In the landing gear system I have sketched out, the pilot has a pivoting handle on the right side armrest rail. The lever pivots through about 90 degrees. In the up-and-locked position, the lever stands straight up, placing its round black knob well within the pilot's peripheral vision. In the down-and-locked position, the lever points straight back, and is slightly recessed into a trench in the armrest rail. The lever is locally locked into the up and down positions by a pin on the outboard face of the lever that engages holes in the side of the cockpit wall. The pilot unlocks the lever by pulling it inboard to move it between the up and down positions.

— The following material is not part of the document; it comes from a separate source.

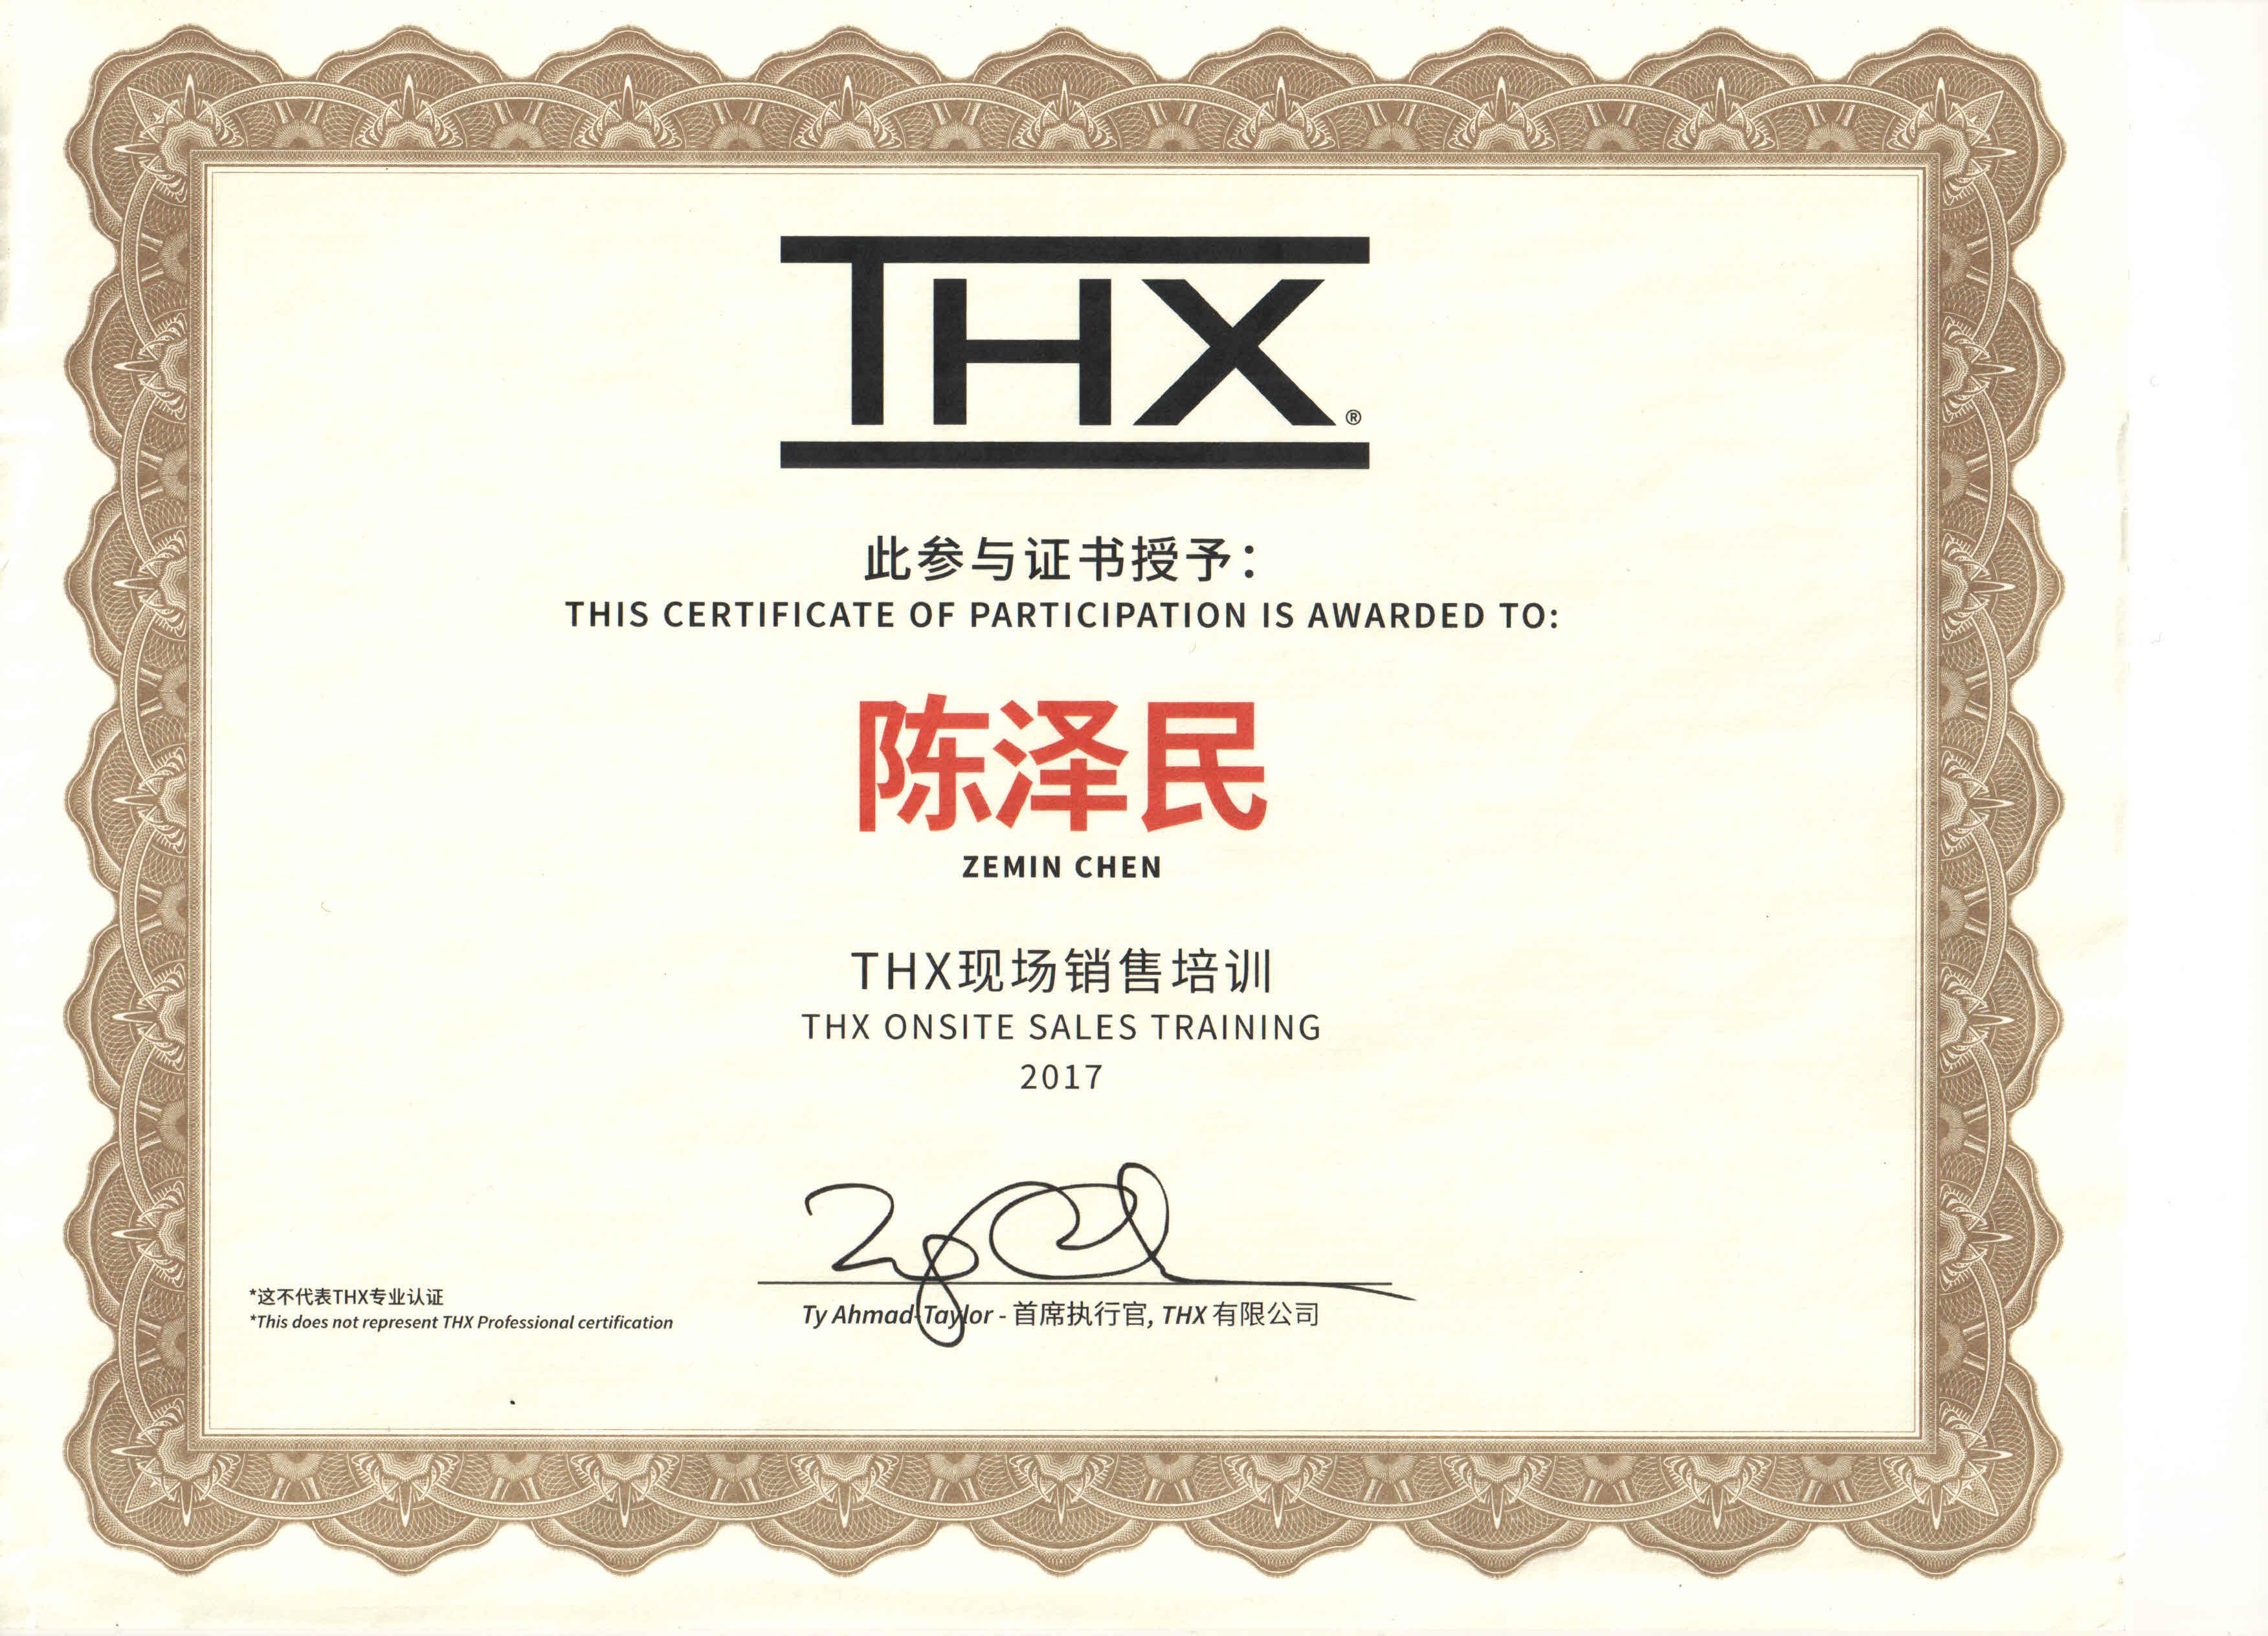 2017陈泽民获得“THX现场销售培训”证书

The control lever drives a longitudinal push-pull tube that drives the idler and uplock arm. The idler and uplock arm drives another push-pull tube that drives the landing gear at its aft pivot. The pivot that joins the idler and the final drive PP tube incorporates an over-center uplock that is geometrically similar to the main downlock incorporated in the landing gear legs.

Here's a quickie sketch of the overall gear retraction system, showing both the retracted and extended positions. Note that the gear yoke and legs are basically the same as on the HP-18. Also note that in the up-and-locked position the drive PP tube protrudes through the aft wall of the landing gear box. The HP-18 system also does this, though to a greater degree:

And here's some photos of the mockup prototypes under development. All the metal bits in these pictures are slapped together out of whatever mild steel came to hand and zapped together with my MIG torch. They're not flight articles, they're only to size up the system and make production jigs from:

These two photos show the overcenter part of the idler, before welding the outboard arm on. The long bolt is just whatever was handy at the time.

These two photos show the idler mounted on its axle and brackets and installed in the right-side gear well box. The first shows the down position, the second shows the up-and-locked overcenter position.

These five photos show the gear extension cycle for the stuff inside the right-side gear well box.

This photo is a still frame from a video we took of me introducing the system. My intent was to post it on Youtube.com, but after reviewing it I decided we ought to re-do it. No wonder the MythBusters guys passed me over...

Next weekend I'll be in Monroe, Washington helping Brad develop tooling for internals on the Glidair. We'll be focusing just on the stuff that it takes to close the fuselage shells; stuff like elevator circuit guide supports, templates for locating rudder cables, and things like that.